I'm trying to create a PostgreSQL table of 30-minute data for the S&P 500 ETF (spy30new, for testing freshly inserted data) from a table of several stocks with 15-minute data (all15). all15 has an index on 'dt' (timestamp) and 'instr' (stock symbol). I would like spy30new to have an index on 'dt'.
import numpy as np
import pandas as pd
from datetime import datetime, date, time, timedelta
from dateutil import parser
from sqlalchemy import create_engine
# Query all15
engine = create_engine('postgresql://user:passwd@localhost:5432/stocks')
new15Df = (pd.read_sql_query("SELECT dt, o, h, l, c, v FROM all15 WHERE (instr = 'SPY') AND (date(dt) BETWEEN '2016-06-27' AND '2016-07-15');", engine)).sort_values('dt')
# Correct for Time Zone.
new15Df['dt'] = (new15Df['dt'].copy()).apply(lambda d: d + timedelta(hours=-4))
# spy0030Df contains the 15-minute data at 00 & 30 minute time points
# spy1545Df contains the 15-minute data at 15 & 45 minute time points
spy0030Df = (new15Df[new15Df['dt'].apply(lambda d: d.minute % 30) == 0]).reset_index(drop=True)

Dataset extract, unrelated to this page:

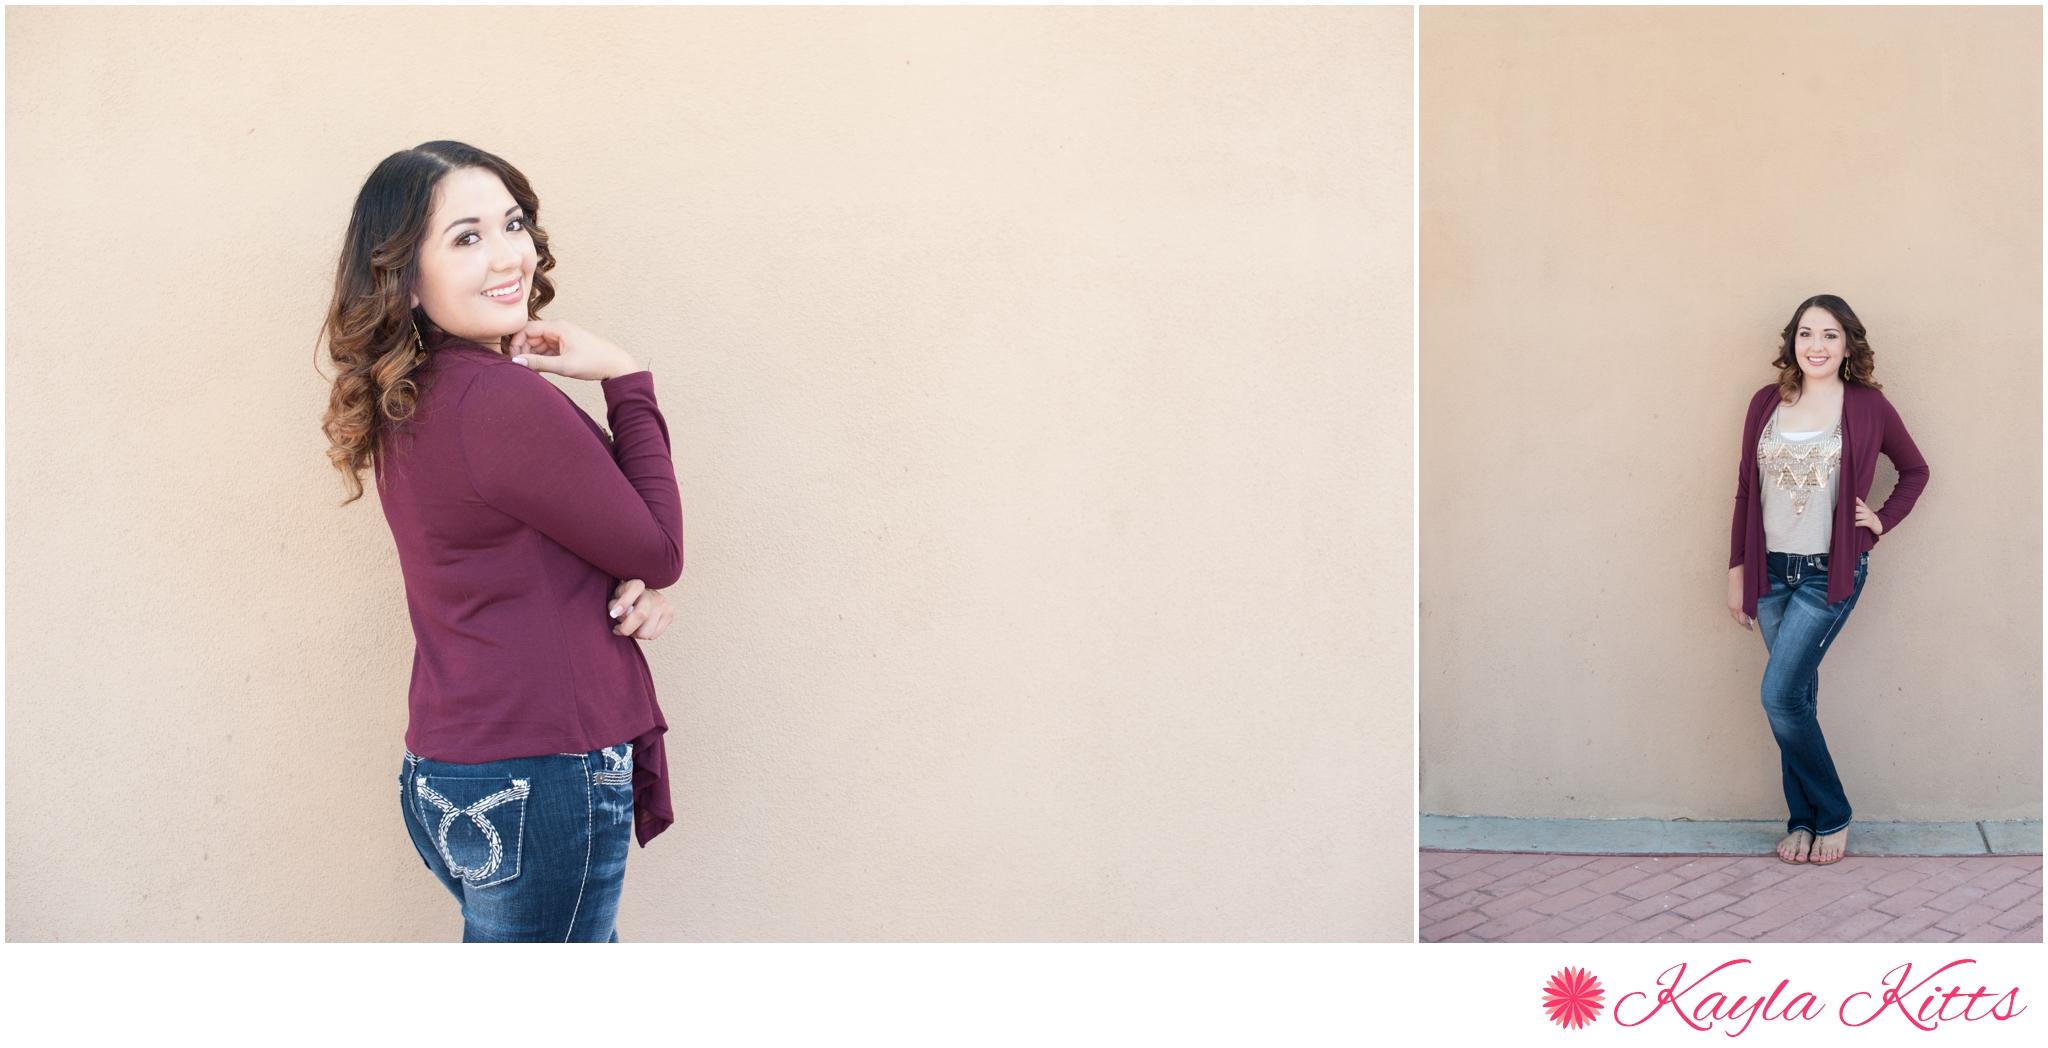 albuquerque photographer, albuquerque photographers, albuquerque senior photographers, fort collins photographers, fort collins senior photographer, denver photographer, denver senior photographers

spy1545Df = (new15Df[new15Df['dt'].apply(lambda d: d.minute % 30) == 15]).reset_index(drop=True)
high = pd.concat([spy1545Df['h'], spy0030Df['h']], axis=1).max(axis=1)
low = pd.concat([spy1545Df['l'], spy0030Df['l']], axis=1).min(axis=1)
volume = spy1545Df['v'] + spy0030Df['v']
# spy30Df assembled and pushed to PostgreSQL as table spy30new
spy30Df = pd.concat([spy0030Df['dt'], spy1545Df['o'], high, low, spy0030Df['c'], volume], ignore_index = True, axis=1)
spy30Df.columns = ['d', 'o', 'h', 'l', 'c', 'v']
spy30Df.set_index(['dt'], inplace=True)
spy30Df.to_sql('spy30new', engine, if_exists='append', index_label='dt')
This gives the error "ValueError: Cannot cast DatetimeIndex to dtype datetime64[us]"
What I've tried so far (I have successfully pushed CSV files to PG using pandas. But here the source is a PG database):
Not placing an index on
'dt'
spy30Df.set_index(['dt'], inplace=True) # Remove this line spy30Df.to_sql('spy30new', engine, if_exists='append') # Delete the index_label option
Converting 'dt' from type pandas.tslib.Timestamp to datetime.datetime using
to_pydatetime()
(in case psycopg2 can work with python dt, but not pandas Timestamp)u = (spy0030Df['dt']).tolist() timesAsPyDt = np.asarray(map((lambda d: d.to_pydatetime()), u)) spy30Df = pd.concat([spy1545Df['o'], high, low, spy0030Df['c'], volume], ignore_index = True, axis=1) newArray = np.c_[timesAsPyDt, spy30Df.values] colNames = ['dt', 'o', 'h', 'l', 'c', 'v'] newDf = pd.DataFrame(newArray, columns=colNames) newDf.set_index(['dt'], inplace=True) newDf.to_sql('spy30new', engine, if_exists='append', index_label='dt')
Using
datetime.utcfromtimestamp()
timesAsDt = (spy0030Df['dt']).apply(lambda d: datetime.utcfromtimestamp(d.tolist()/1e9))
Using
pd.to_datetime()
timesAsDt = pd.to_datetime(spy0030Df['dt'])